- _Work instruction_
Each line of the data below should be restated exactly, with images left out.

- _Exercise data_
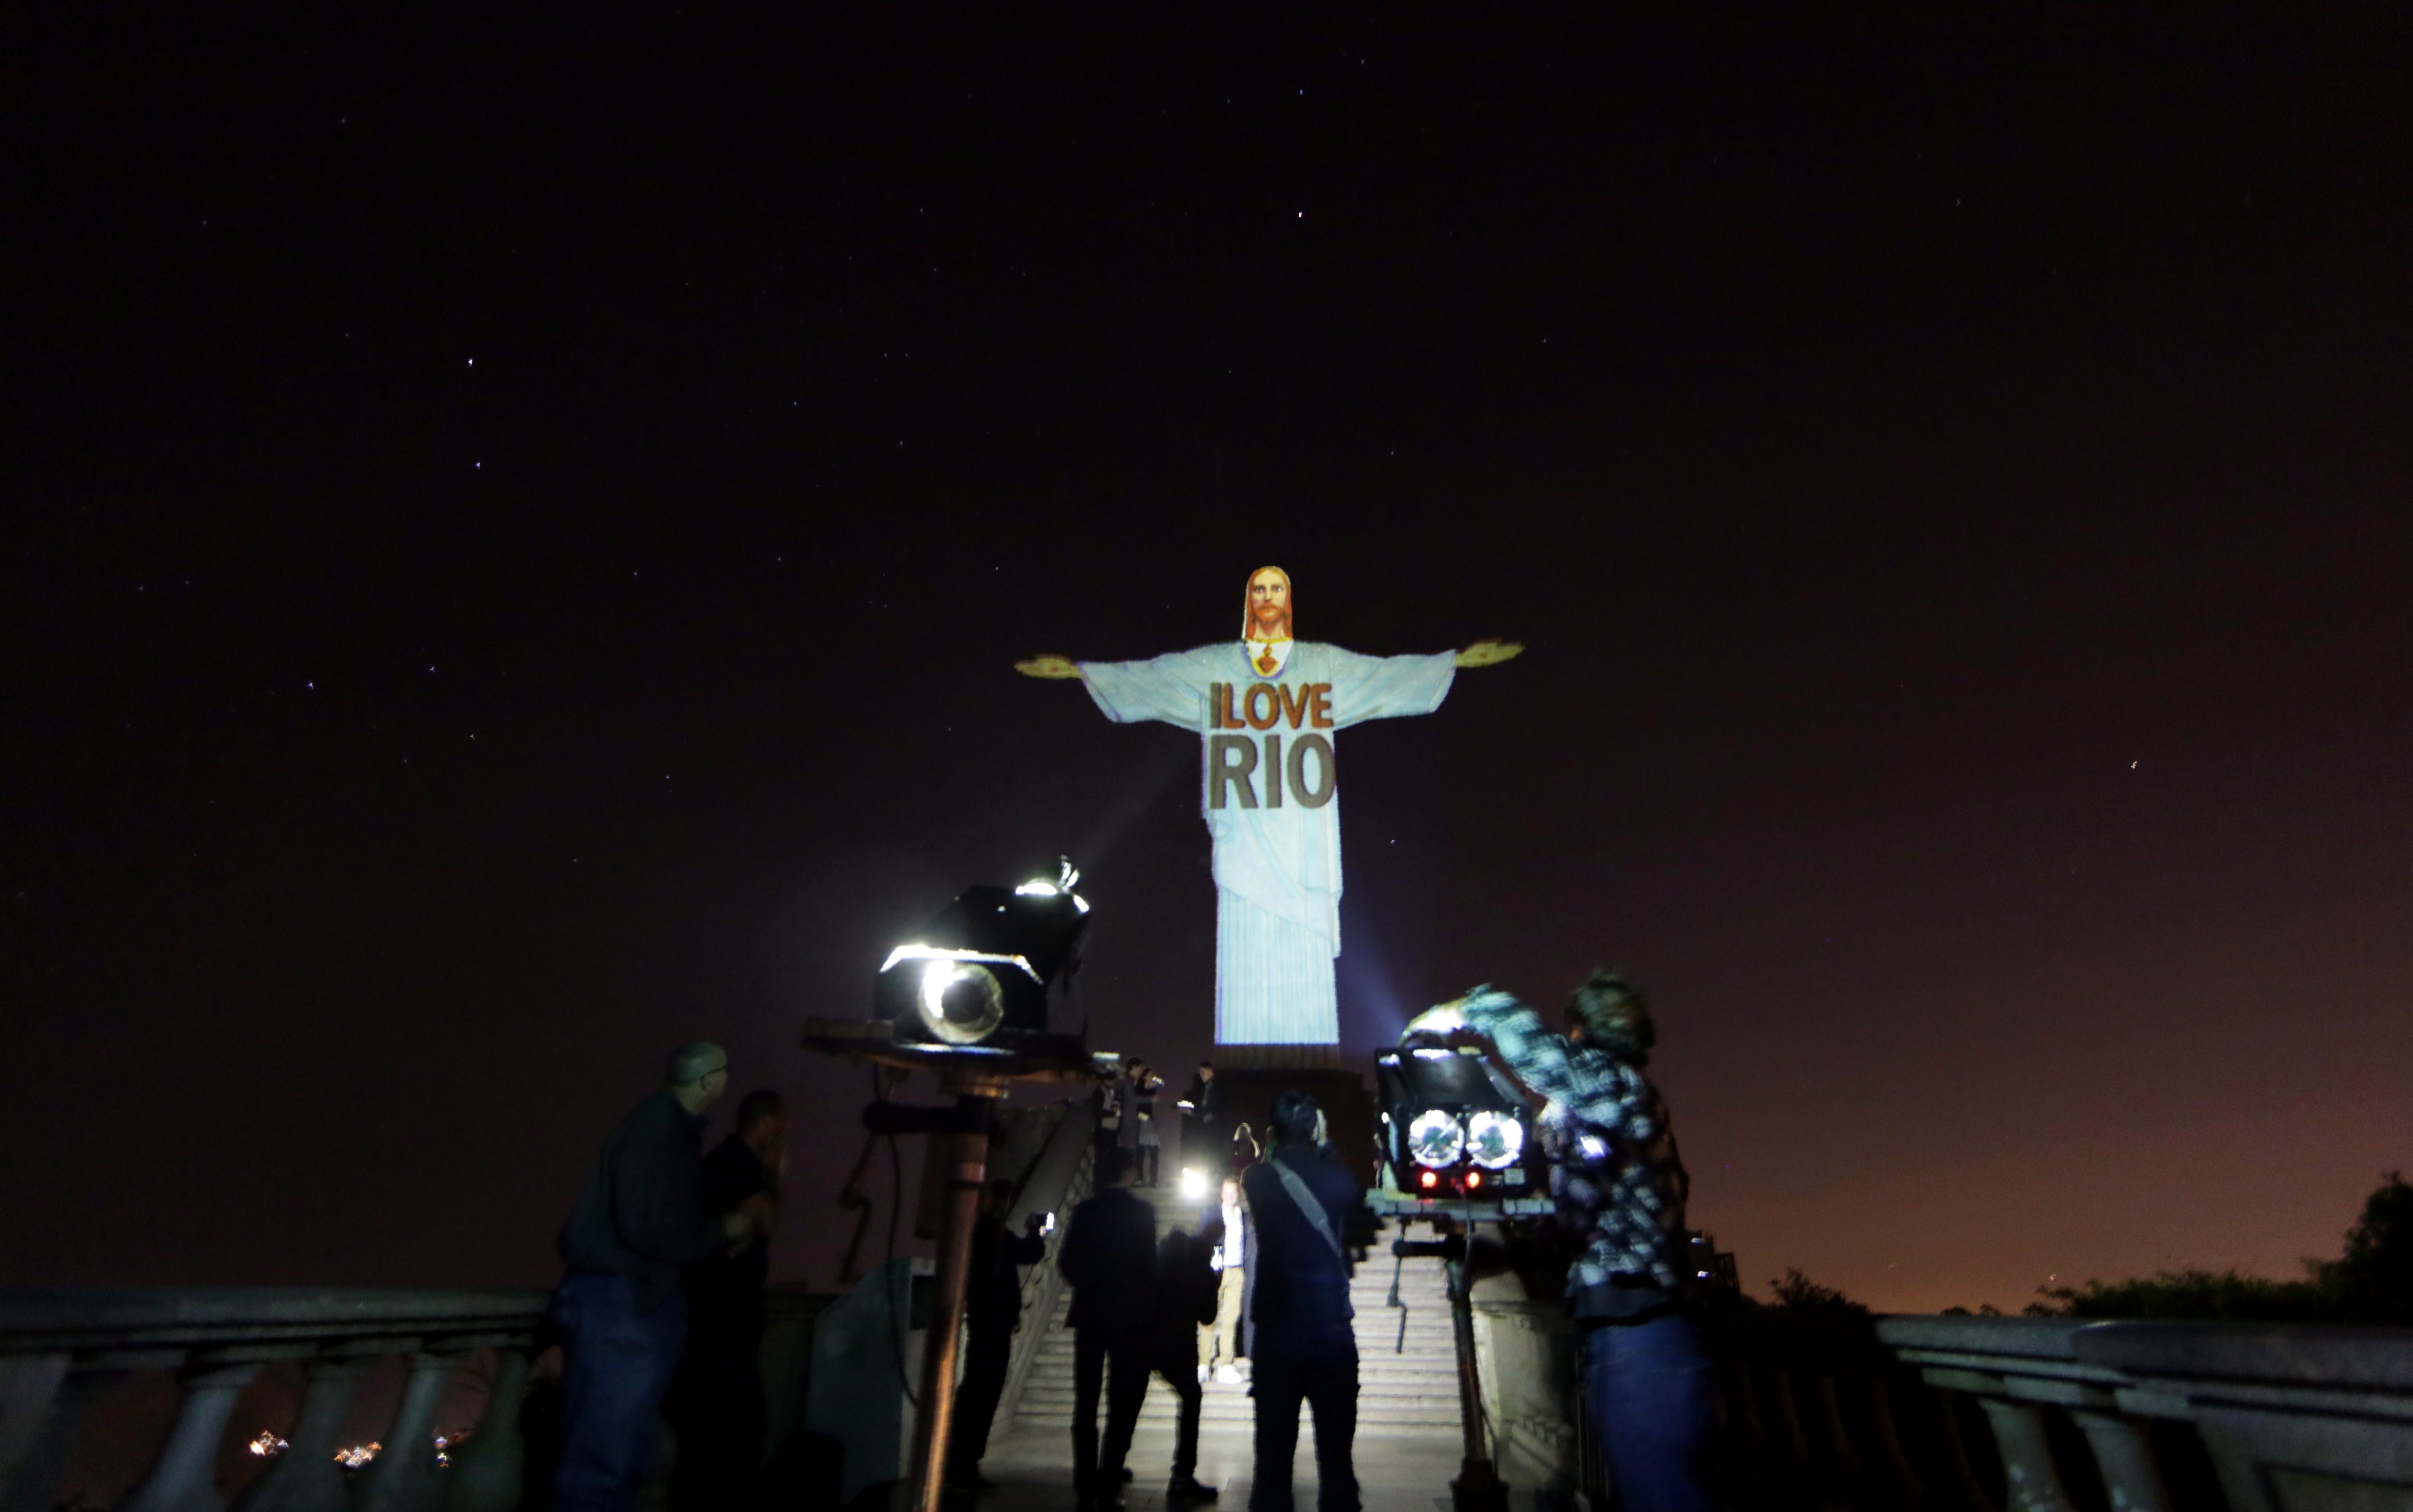 Projecting I LOVE RIO on Christ the redeemer statue
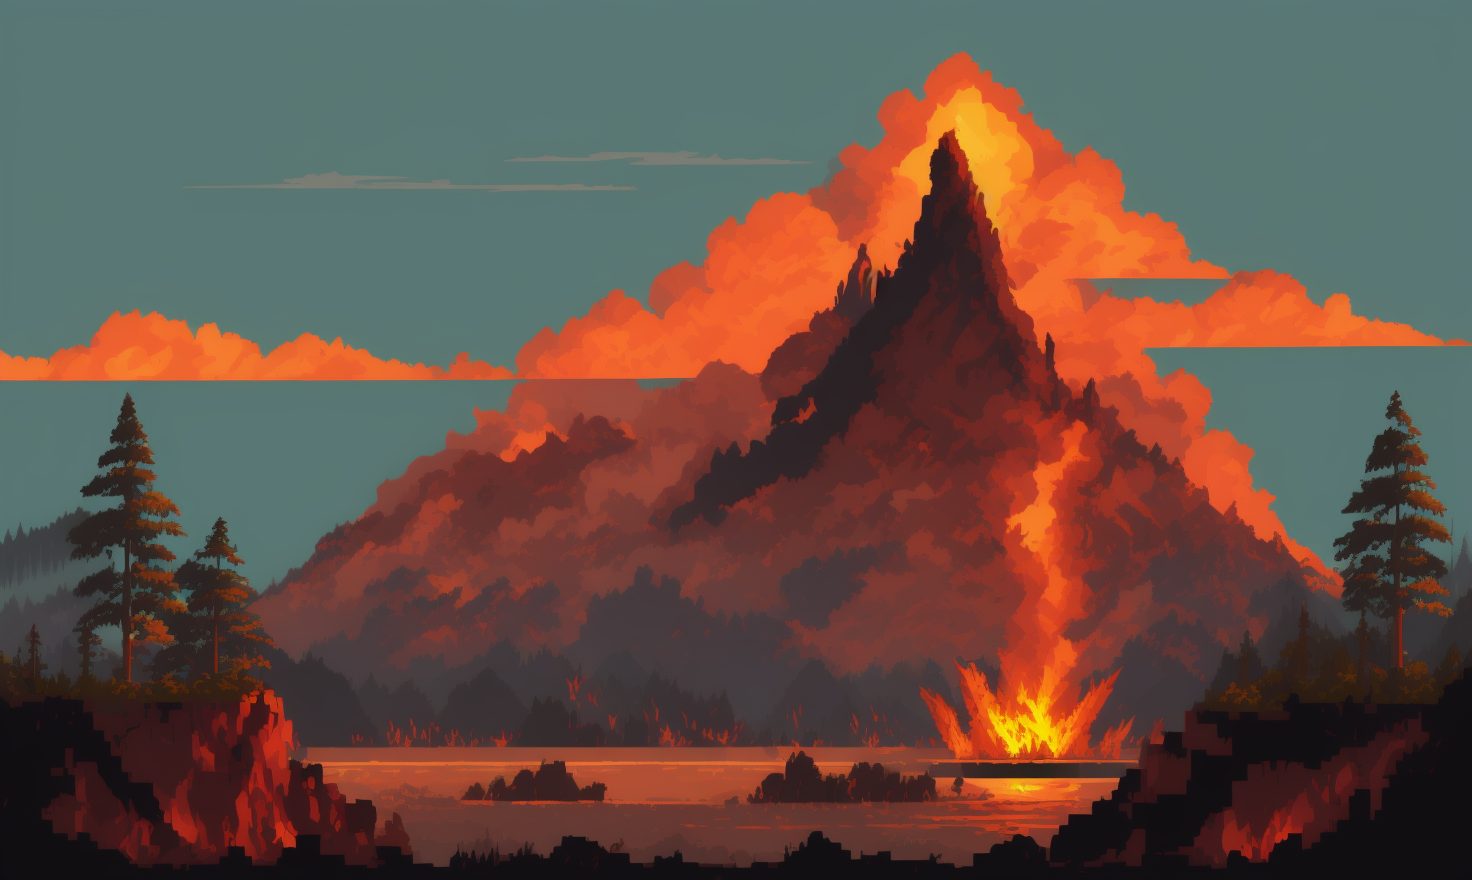 pixelart  video game environment, Create an image of a dangerous and unpredictable volcano, with flowing lava, ash clouds,...
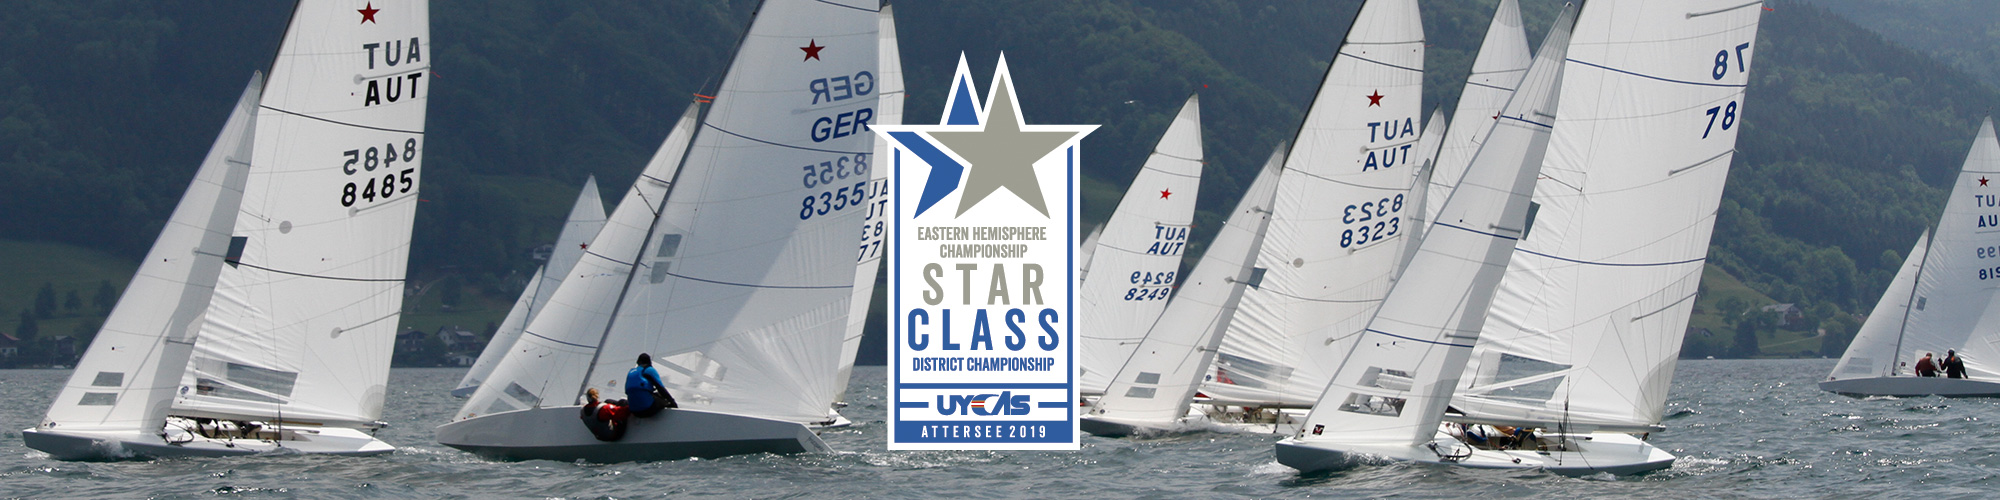  Star  Eastern Hemisphere Championship  Attersee AUT  Day 1, Augie Diaz USA clear leader

- _Answer space_
 Projecting I LOVE RIO on Christ the redeemer statue
 pixelart  video game environment, Create an image of a dangerous and unpredictable volcano, with flowing lava, ash clouds,...
  Star  Eastern Hemisphere Championship  Attersee AUT  Day 1, Augie Diaz USA clear leader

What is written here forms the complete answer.